The most popular exponent of this movement is Ken Wilber. While Wilber has offered some new thoughts, his work is largely derivative. He synthesizes of the works of scholars and learned practitioners who have been working in the field of human consciousness in much more rigorous ways. These folks are on the cutting edge, trying to create coherent world views that account for not only science but spirit. Those in this movement include psychologists, sociologists, political thinkers, ecologists, physicists, writers, artists, poets and a host of others from a wide variety of disciplines. It seems that we need to be paying particular attention to recognized academics and practitioners working in fields of human developmental psychology, transpersonal psychology, transformative studies, East-West studies, and transformative leadership.[5] Much of this work is groundbreaking and it pointing to future stages of religious development, states of consciousness and paths to growth on individual, organization and societal levels. I firmly believe that these academicians can help us as we begin to think through what is next in store for us as Unitarian Universalists as we seek to regain relevance. We need to stop listening to theologians and start listening to these pioneers.

While I agree wholeheartedly with Loehr’s notion that we as Unitarian Universalists espouse the Seven Banalities, I am not sure that I agree that each and every one of them is truly banal.

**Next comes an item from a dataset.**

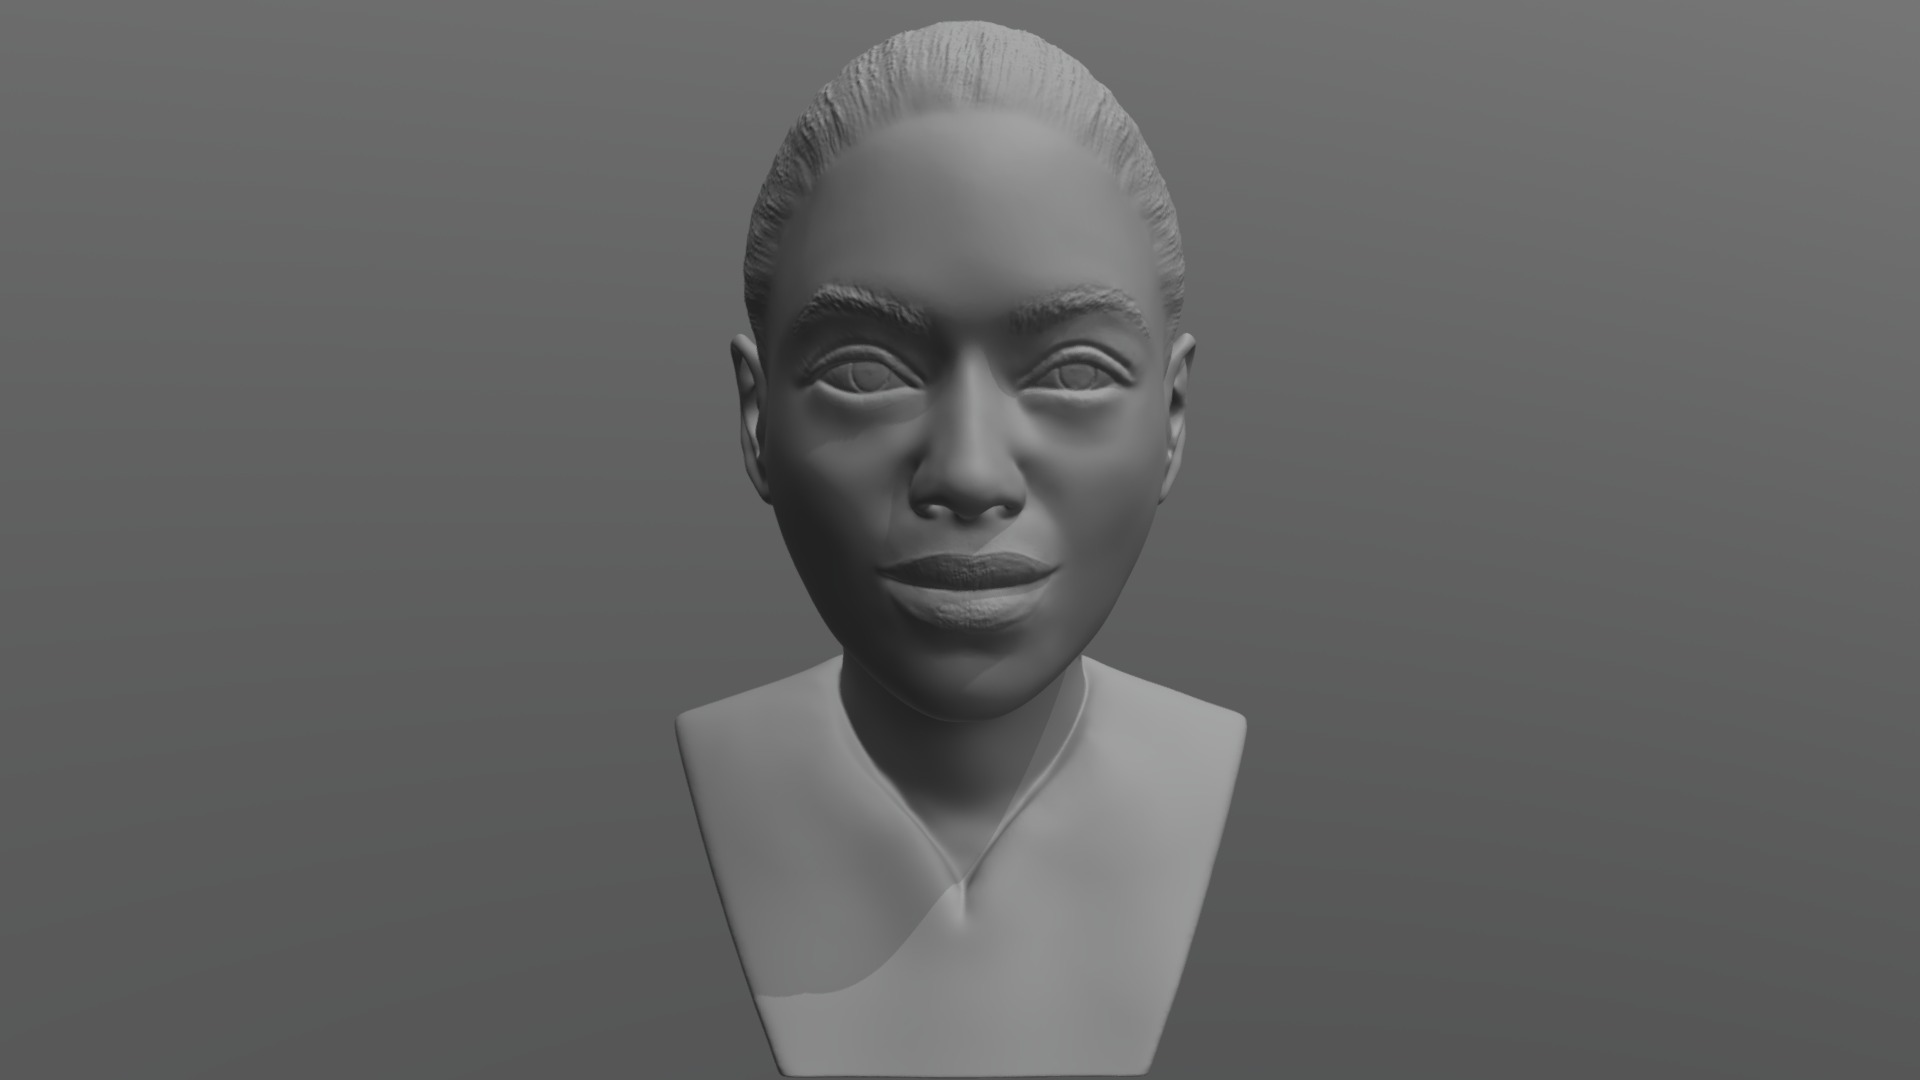 3D model Beyonce Knowles bust for 3D printing - This is a 3D model of the Beyonce Knowles bust for 3D printing. The 3D model is about a person with a white headdress.

There are two that almost all Unitarian Universalists can recite with heart: the first and the last. These seem to be Noble Truths for us – the inherent worth and dignity of each human and the interconnectedness of existence. And here we have it echoed again – meaning and connection. What seems most interesting is that these ideas lie at the very core of the substance of the work done in the transpersonal disciplines. Perhaps this is a place we can look to begin to find new meaning for a faith that can wrap itself in the lineage of Unitarian Universalism.
[1] The study was sponsored by The Cooperative Congregational Studies Partnership (CCSP), hosted by Hartford Seminary’s Institute for Religion Research.
[2] The Evangelical movement can be seen as a response to this world view. It is a reactionary response to what it sees as the emptiness of modernity. The problem is that it offers no new solutions, only a pre-rationalist worldview at odds with the evolutionary progress of society.
[3] I will not address here the nature of community. Much could be written about it. My own sense of the importance of community grows out a central observation about the nature of the Judeo-Christian tradition. It seems that the core genius of the Jewish tradition and the gospel as taught by Jesus is that salvation is not ultimately about an individual experience. Salvation comes through being inducted into community. Salvation comes from being one of the Chosen People or being part of the Kingdom of God.
[4] This book is one of the most influential but least read books of the 20th Century. The leaders of the human potential movement (the late 20th Century’s response to existentialism) were dramatically and powerfully influenced, whether they were aware of it or not, by Aurobindo’s writings.
[5] A search in Wikipedia on developmental psychology and transpersonal psychology will provide the names of some scholars. Schools that are focused on this include California Institute of Integral Studies and Saybrook Graduate School and Research Center.